(Collected data entries)
*** Begin section ***

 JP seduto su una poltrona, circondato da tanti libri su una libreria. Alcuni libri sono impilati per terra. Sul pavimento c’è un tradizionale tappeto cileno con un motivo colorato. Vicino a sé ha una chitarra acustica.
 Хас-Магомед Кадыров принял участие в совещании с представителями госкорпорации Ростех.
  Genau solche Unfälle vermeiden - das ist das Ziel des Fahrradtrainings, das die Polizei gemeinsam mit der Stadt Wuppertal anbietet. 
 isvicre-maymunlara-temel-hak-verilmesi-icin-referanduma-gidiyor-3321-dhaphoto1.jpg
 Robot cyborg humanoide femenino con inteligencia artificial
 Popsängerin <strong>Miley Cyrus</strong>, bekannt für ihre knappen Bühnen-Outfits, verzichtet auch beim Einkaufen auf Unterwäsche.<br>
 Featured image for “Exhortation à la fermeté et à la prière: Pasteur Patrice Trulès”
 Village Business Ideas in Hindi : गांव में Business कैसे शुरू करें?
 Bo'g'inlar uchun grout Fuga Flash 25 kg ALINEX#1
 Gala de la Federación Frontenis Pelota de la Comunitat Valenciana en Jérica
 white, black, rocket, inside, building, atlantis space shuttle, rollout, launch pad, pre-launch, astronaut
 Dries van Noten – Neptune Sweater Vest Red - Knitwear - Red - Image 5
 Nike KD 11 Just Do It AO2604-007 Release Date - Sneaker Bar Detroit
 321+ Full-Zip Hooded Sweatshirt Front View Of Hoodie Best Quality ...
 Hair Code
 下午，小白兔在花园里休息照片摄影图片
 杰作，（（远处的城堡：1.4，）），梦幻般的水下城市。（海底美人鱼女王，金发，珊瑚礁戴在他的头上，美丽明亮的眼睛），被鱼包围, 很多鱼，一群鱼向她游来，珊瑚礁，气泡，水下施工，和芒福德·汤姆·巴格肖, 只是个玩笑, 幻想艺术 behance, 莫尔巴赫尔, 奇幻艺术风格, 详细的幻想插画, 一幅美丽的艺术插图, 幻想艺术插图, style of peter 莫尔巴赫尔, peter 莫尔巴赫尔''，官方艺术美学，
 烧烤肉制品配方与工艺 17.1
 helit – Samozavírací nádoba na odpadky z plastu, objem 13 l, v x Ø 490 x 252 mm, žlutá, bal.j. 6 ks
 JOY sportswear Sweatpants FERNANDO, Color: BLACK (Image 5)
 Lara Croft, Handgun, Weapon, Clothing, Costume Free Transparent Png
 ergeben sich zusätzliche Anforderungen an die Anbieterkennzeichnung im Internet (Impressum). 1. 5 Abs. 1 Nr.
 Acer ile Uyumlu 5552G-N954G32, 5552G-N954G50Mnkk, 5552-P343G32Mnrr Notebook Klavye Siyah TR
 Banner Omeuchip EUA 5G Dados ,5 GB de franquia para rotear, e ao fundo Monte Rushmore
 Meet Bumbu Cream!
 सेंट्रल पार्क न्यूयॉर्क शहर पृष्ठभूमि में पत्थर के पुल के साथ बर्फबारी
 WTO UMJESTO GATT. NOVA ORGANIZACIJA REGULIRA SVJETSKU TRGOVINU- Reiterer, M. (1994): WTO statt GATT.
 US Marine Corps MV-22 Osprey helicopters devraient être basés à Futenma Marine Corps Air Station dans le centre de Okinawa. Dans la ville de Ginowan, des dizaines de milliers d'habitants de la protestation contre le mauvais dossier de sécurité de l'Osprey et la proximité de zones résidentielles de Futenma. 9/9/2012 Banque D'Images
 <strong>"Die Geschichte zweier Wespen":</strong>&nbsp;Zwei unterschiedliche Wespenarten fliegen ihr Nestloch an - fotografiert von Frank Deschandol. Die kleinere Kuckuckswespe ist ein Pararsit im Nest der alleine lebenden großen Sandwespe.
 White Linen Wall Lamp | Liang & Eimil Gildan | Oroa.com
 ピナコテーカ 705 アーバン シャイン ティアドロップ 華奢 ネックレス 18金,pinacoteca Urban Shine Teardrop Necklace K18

*** End section ***

Look above for every line with the word "strong" and copy it.

◆ Exercise output
 Popsängerin <strong>Miley Cyrus</strong>, bekannt für ihre knappen Bühnen-Outfits, verzichtet auch beim Einkaufen auf Unterwäsche.<br>
 <strong>"Die Geschichte zweier Wespen":</strong>&nbsp;Zwei unterschiedliche Wespenarten fliegen ihr Nestloch an - fotografiert von Frank Deschandol. Die kleinere Kuckuckswespe ist ein Pararsit im Nest der alleine lebenden großen Sandwespe.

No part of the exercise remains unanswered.